Data Science Interview Questions

Our IT4BI Master studies finished, and the next logical step after graduation is finding a job. I was interested in Data Science jobs and this post is a summary of my interview experience and preparation.

The term “Data Science” is not yet well establish, so interviews for Data Science jobs might include a very broad range of questions, depending on the interpretation of the term by a particular company. In this post I attempt to organize Data Science interview questions in some usable form, but it might also be biased by how I see Data Science myself. I hope you also can find it useful.

The sources of the questions are:

links that I discovered on the Internet,
my own data science interviews (being on the interviewee side)

The questions are without answers. First of all, the answer that I would write could be bad or wrong, and second, the post would be too big. Also, going through the list and looking for the answers yourself is a good exercise to prepare for an interview.
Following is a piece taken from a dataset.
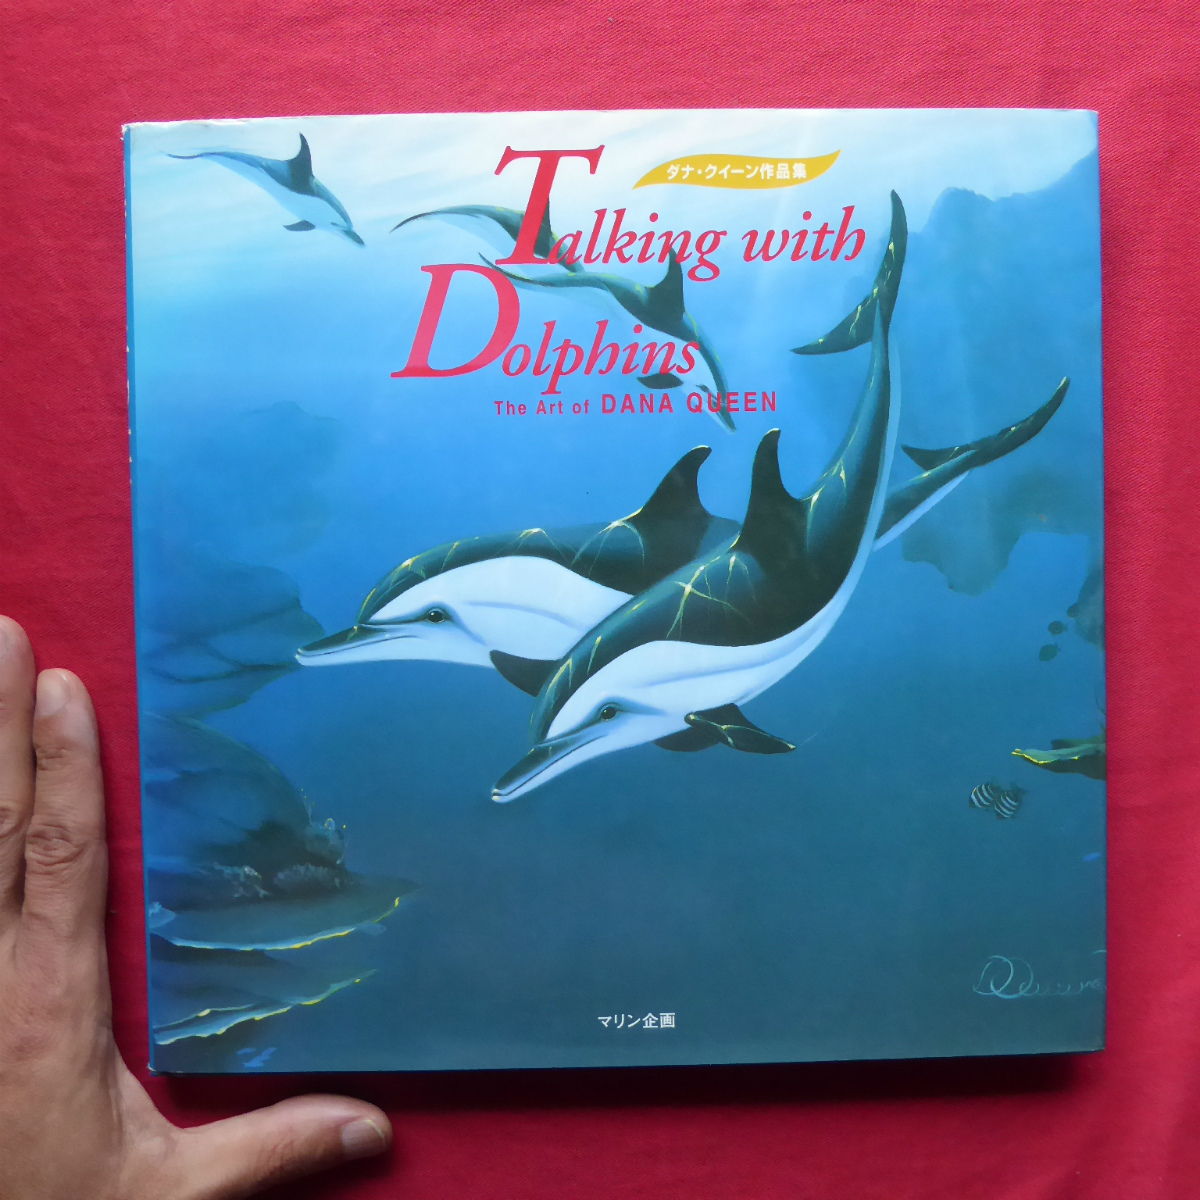 w21 [Collection Dana Queen/Planification marine/1995] Dauphins bien-aimés/Un artiste louant la nature, Peinture, Livre d'art, Collection, Catalogue
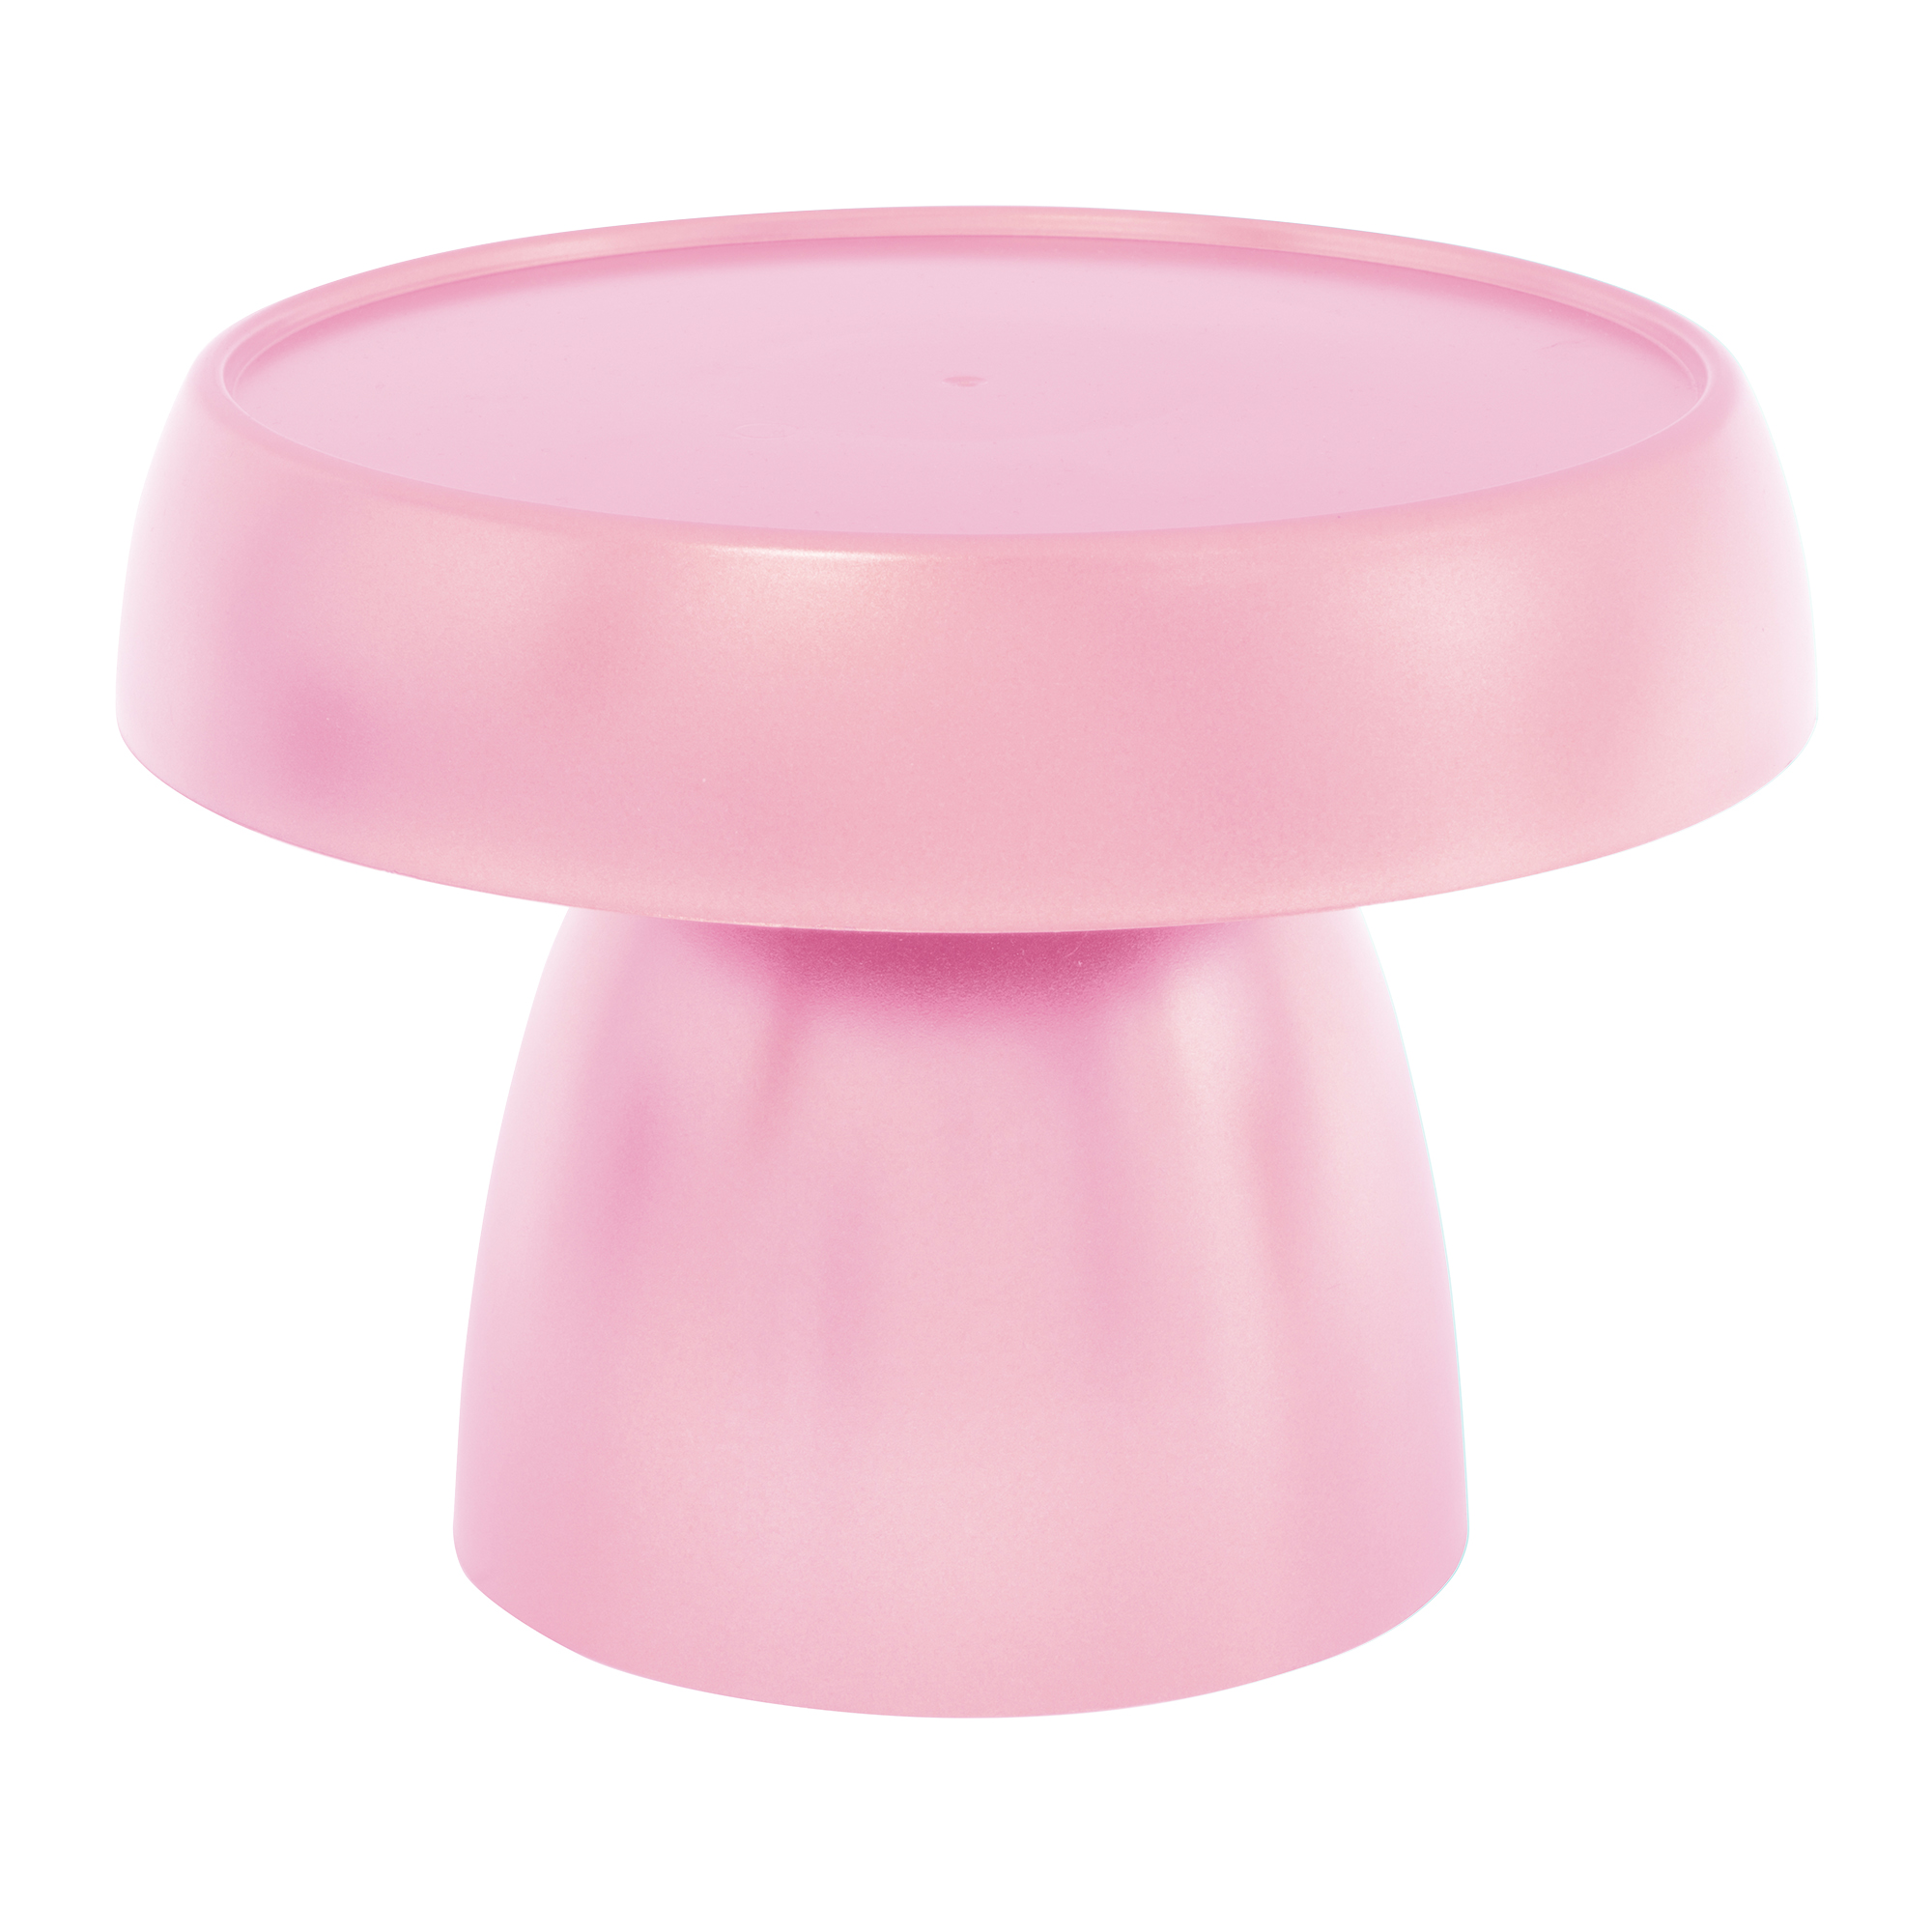 Plastic Mushroom Treat Stand 8" - Pink

This list might look scary at first, but it’s very unlikely that all of these questions will be asked during one interview. Very few jobs require applicants to know all of these points. So it’s rather a broad overview of things that may potentially be asked. Don’t let this list of questions discourage you if you don’t know the answer to some of them: chances are that these questions are not important for your interview.

So, let’s get started.

Table of Content

Background Questions
Process
Mathematics
- Linear Algebra
- Other Areas
Probability and Statistics
Machine Learning
Computer Science
Hands-On
- Problem to Solve
- Coding
Sources
Useful Links

Background Questions

Usually, interviews start with background questions: they can ask you to talk about yourself. This can also happen at the telephone interview stage.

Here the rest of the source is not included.